"I'm just a bit more optimistic," he said, since he doubted New Zealand would return to historic levels of debt accumulation. "The fact is we are in a world that's pretty different because everyone's reducing debt."
Households were saving more, which forecasters had originally doubted would happen, and New Zealand corporate balance sheets were stable. While public debt was growing in part because of borrowing to cover quake rebuild costs and to lean against the impact of the global recession, the government remained committed to a Budget surplus by in the 2014/15 financial year.
If the current account deficit persisted at very high levels, New Zealand would also suffer a "textbook" sharp correction, with a much lower exchange rate among the outcomes.
Green Party leader Russel Norman challenged English on this, asking why the government didn't seek to manage the current account deficit down rather than wait for global financial markets to "punish" New Zealand.

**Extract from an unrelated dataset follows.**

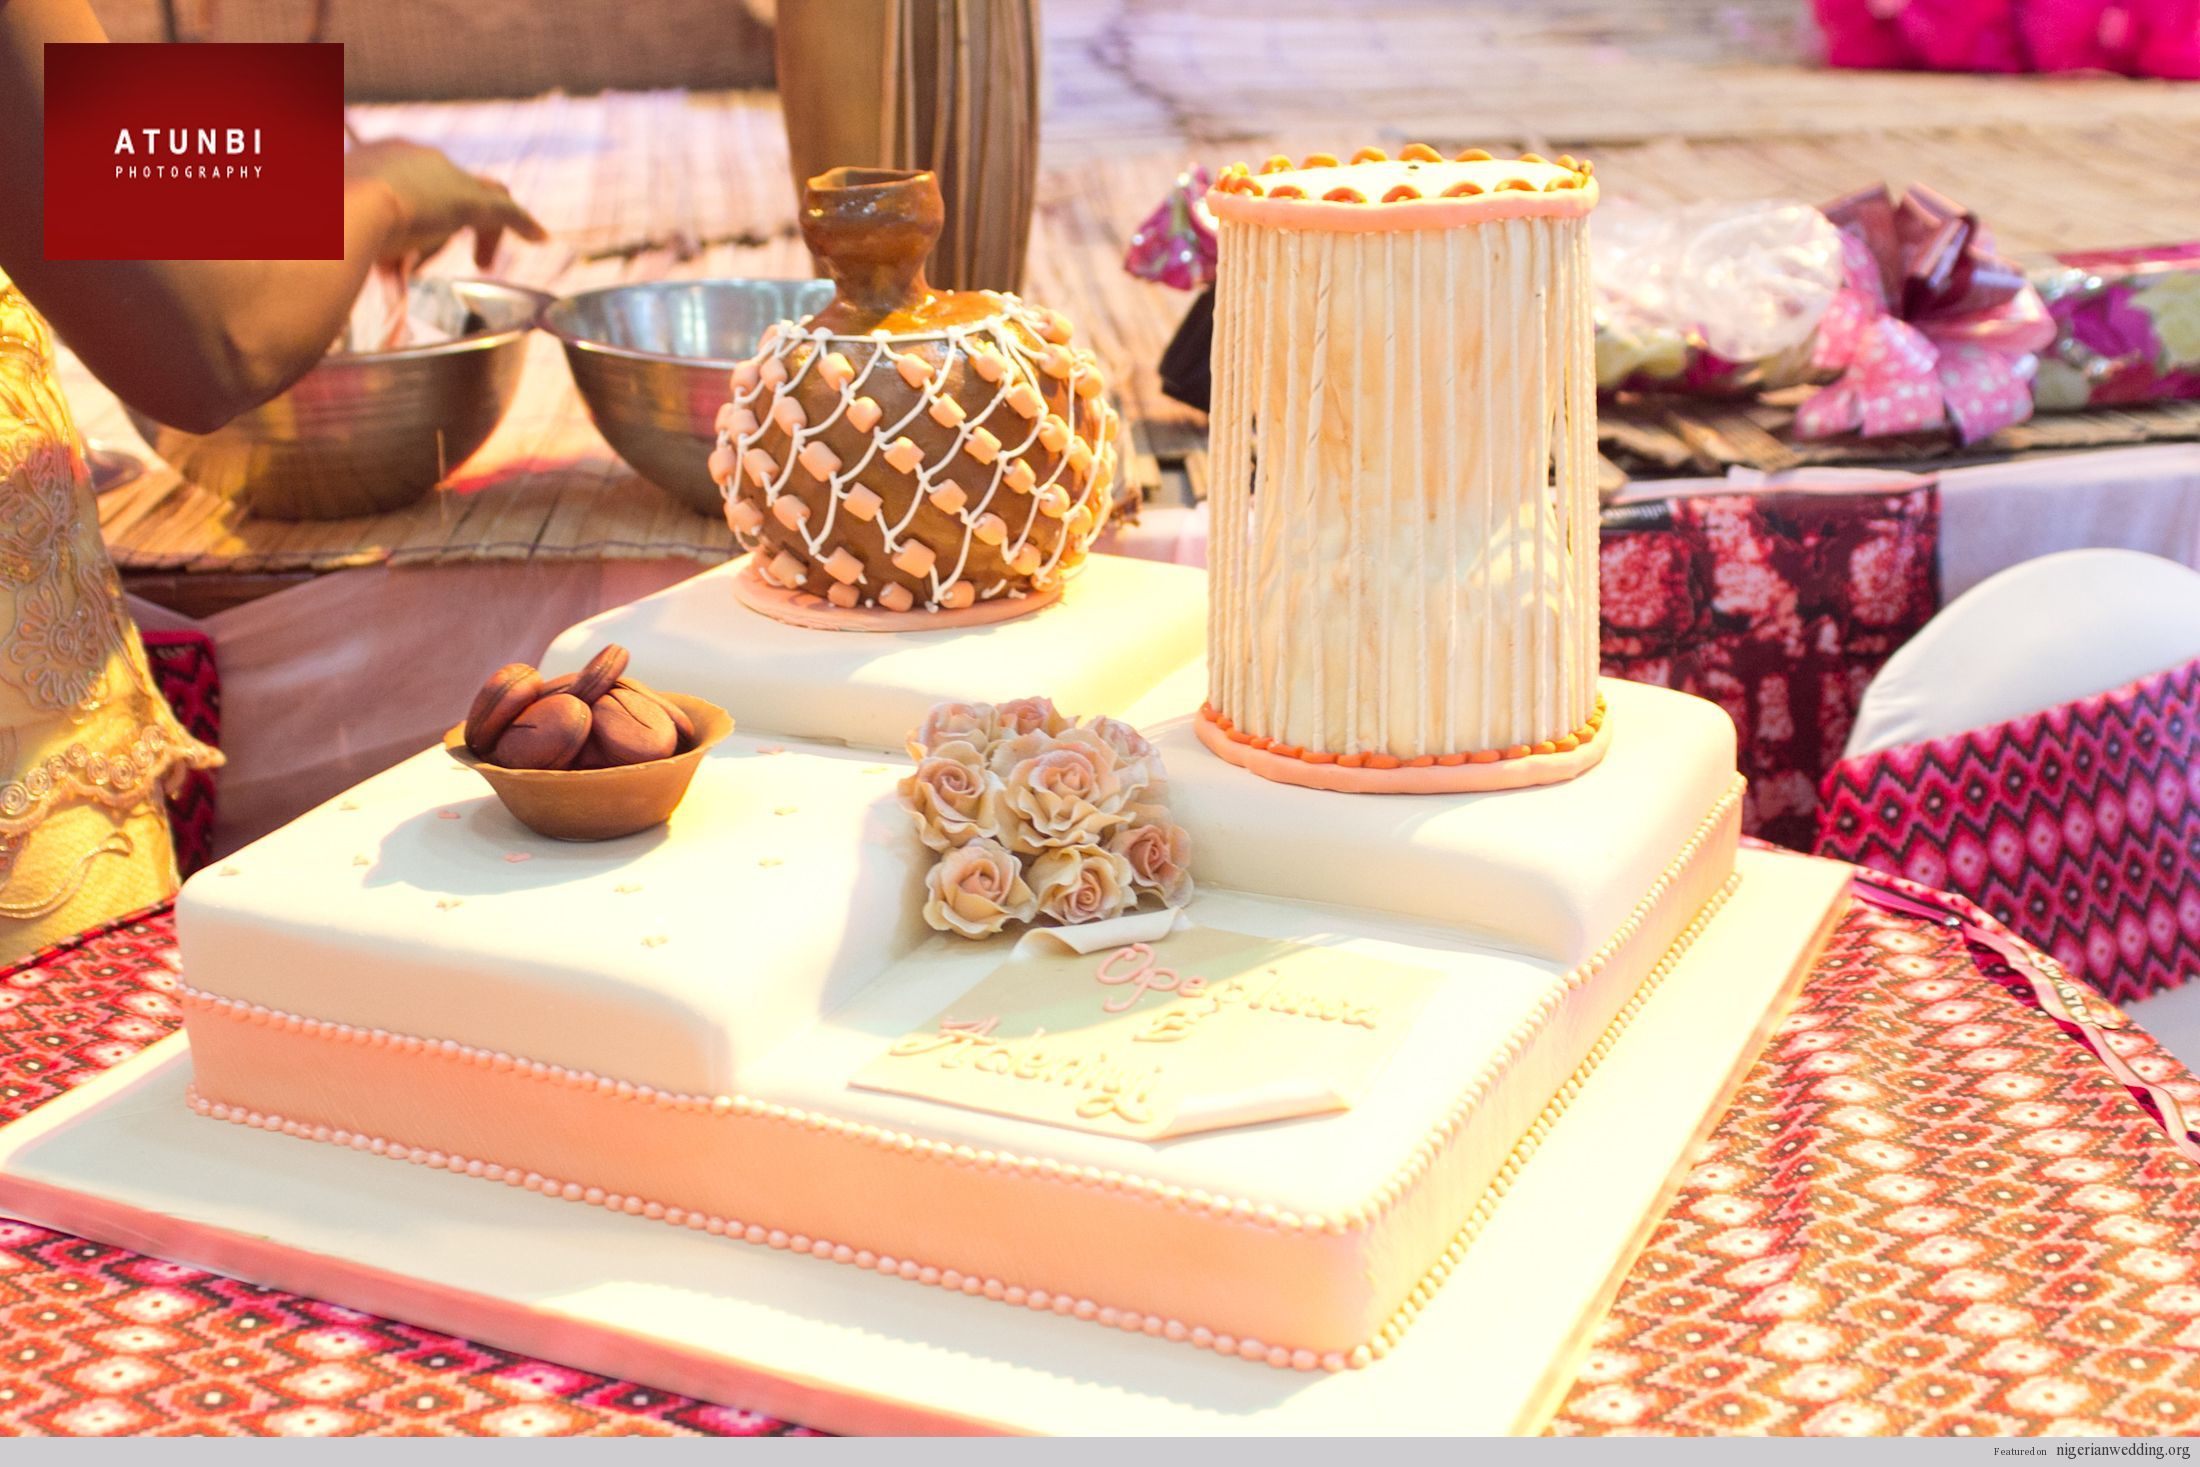 James Ibori Traditional wedding cake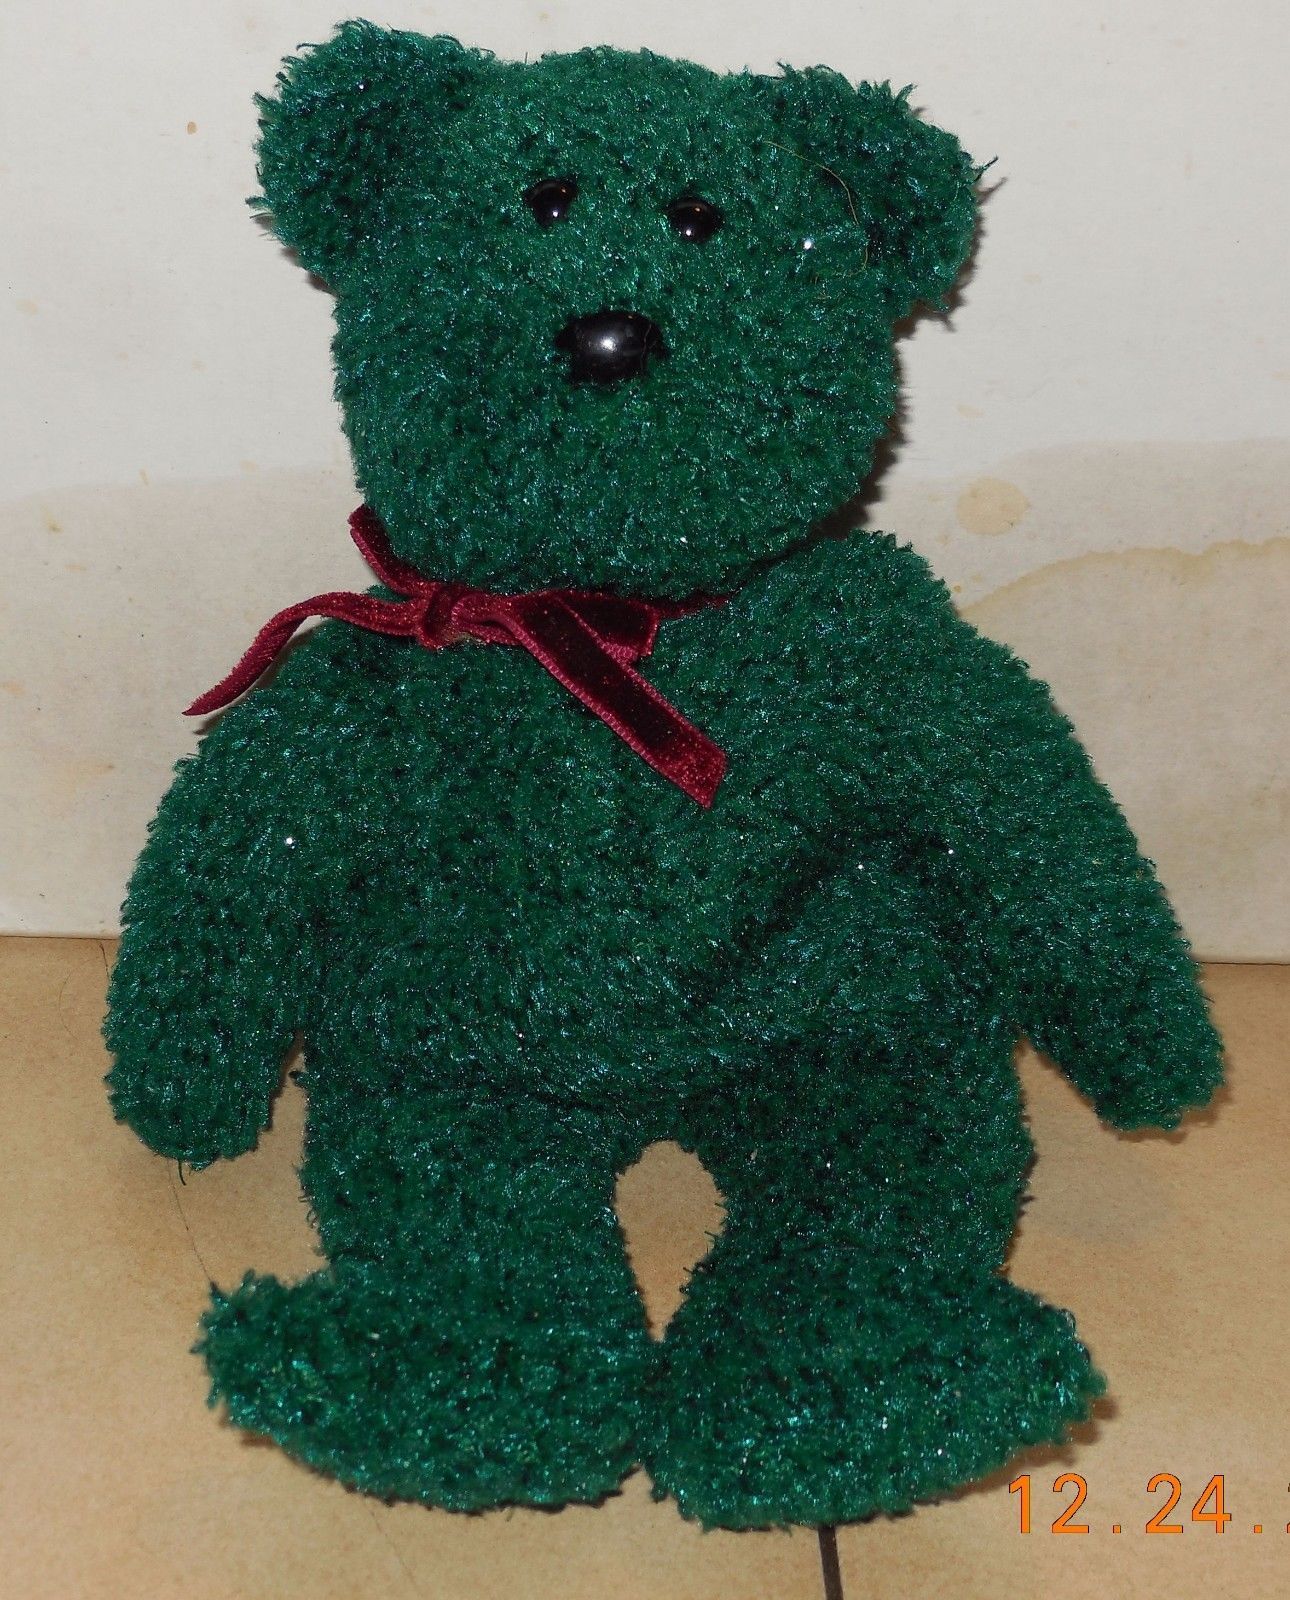 2002 holiday teddy beanie baby value

English said he was "unpersuaded" by the range of alternative policy options being put up by Opposition parties, saying all had been debated over the last 30 years and there was no substitute for continuing with economic reforms in areas such as land and water use, and the Resource Management Act, to foster faster economic growth.
"If we thought we could manage it, we would go and manage the damn thing," he said. The high New Zealand dollar was a "signal from the world" that New Zealand had "sound prospects of producing stable yields compared to other countries."
"Our problem is one of success."
The New Zealand economy would remain "patchy" and unpredictable. Growth in the first half of this year had been stronger than forecast, while the second half was turning out to be weaker than anticipated.
"We think doing 2 to 3 per cent annual growth we will continue to get job growth and continue to get household incomes into reasonable shape," English said.